# Maintenance Intervals



## JoeCinVa (Apr 26, 2002)

I just read that for the US 2004 3-series (not sure about M3):

Coolant change interval went from 4 years to "lifetime" and

O2 Sensor change interval went from 100,000 to 120,000.

Wow. What exactly do they do in the 4yrs/50K free maintenance program nowadays <sarcasm>? Oil & filter changes, brake fluid changes, and air and microfilter changes?

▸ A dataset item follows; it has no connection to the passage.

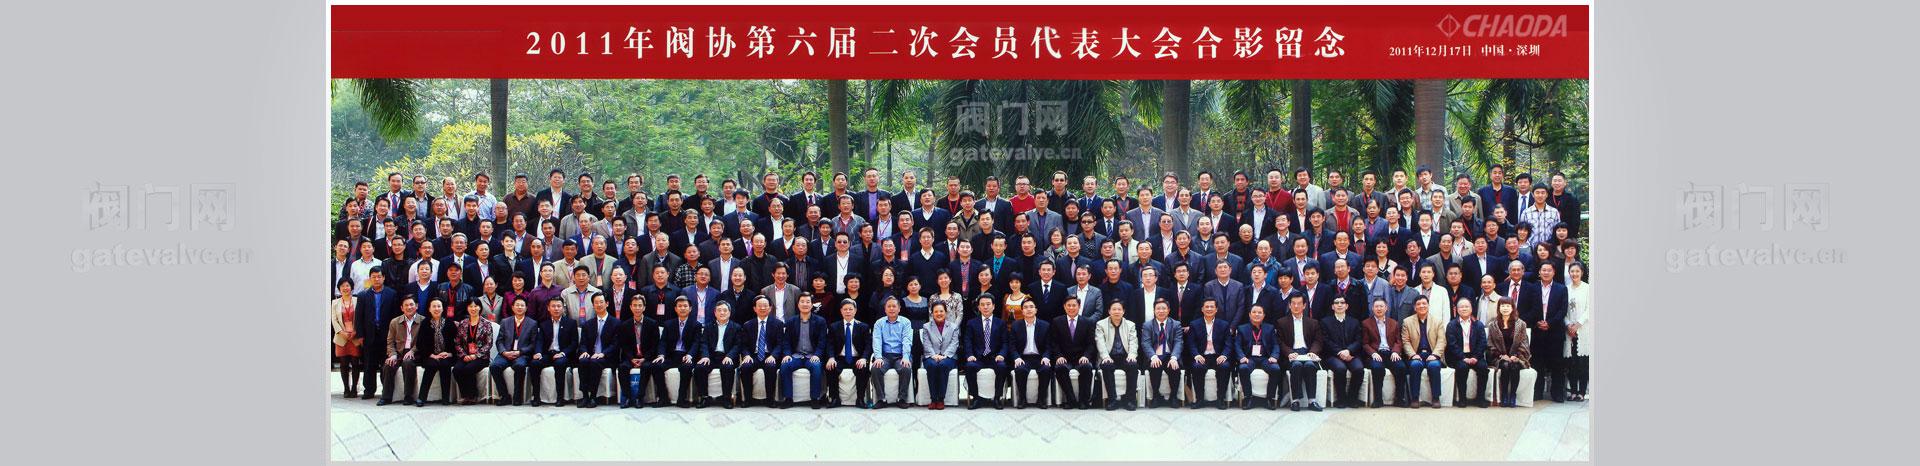 行业协会图片

Doesn't sound like much.

IIRC, BMW now considers the following lifetime:
Tranny Fluid
Diff Fluid
Coolant
Fuel Filter
Any others?

Free maintenance with decreasing maintenance requirements?


----------



## HW (Dec 24, 2001)

JoeCinVa said:


> I just read that for the US 2004 3-series (not sure about M3):
> 
> Coolant change interval went from 4 years to "lifetime" and
> 
> ...


nothing much really. all i had was 2 oil changes from the scheduled maintenance program. and 2 that i've paid for my self because i don't like the 24K-km intervals so i'm doing every 12K. the intervals are so long that i had to buy a jug of rad coolant and jugs and jugs of windshield washer fluid for topping up myself. never had to do that w/ my old car because the intervals were 6Kkm.

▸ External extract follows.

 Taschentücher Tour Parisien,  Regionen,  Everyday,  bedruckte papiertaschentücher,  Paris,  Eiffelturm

however, the number of warranty issues that cropped up. just incredible! :tsk:  today, it's in for a new radiator fan (~$1KCAD :yikes: ) because they screwed it up while replacing a bad water pump!  and on the weekend, it was in for a new steering pump and hoses because it leaked. a week before that, replaced lower control arms. now i don't know if there is any connection between the control arm replacement and the steering the leak :yikes: :tsk:


----------



## racerdave (Sep 15, 2003)

Ok,this is slightly OT, but shouldn't the *dealer* pay for your radiator fan if *they* screwed it up?? I wouldn't want to pay for their mistake... let them.


----------



## HW (Dec 24, 2001)

racerdave said:


> Ok,this is slightly OT, but shouldn't the *dealer* pay for your radiator fan if *they* screwed it up?? I wouldn't want to pay for their mistake... let them.


i'm not putting any money out. :eeps: i only paid for a 30 point inspection which found a small tranny leak and the bad fan re-install. i'm so glad i got the 30 point inspection.


----------



## LmtdSlip (May 28, 2003)

HW said:


> i'm not putting any money out. :eeps: i only paid for a 30 point inspection which found a small tranny leak and the bad fan re-install. i'm so glad i got the 30 point inspection.


What did they charge for the inspection? 
Shouldnt they have done this for free if it was under warranty?


----------



## HW (Dec 24, 2001)

LmtdSlip said:


> What did they charge for the inspection?
> Shouldnt they have done this for free if it was under warranty?


w/ taxes, $60CAD. the tech time was 1/2 hr and includes a test drive. i guess the thing is that if you ident something that you suspect is wrong then it's free but telling them to just check everything w/o suspecting anything particular and if the result is nothing wrong, they'd have spent tech time that still has to be billed to someone.


----------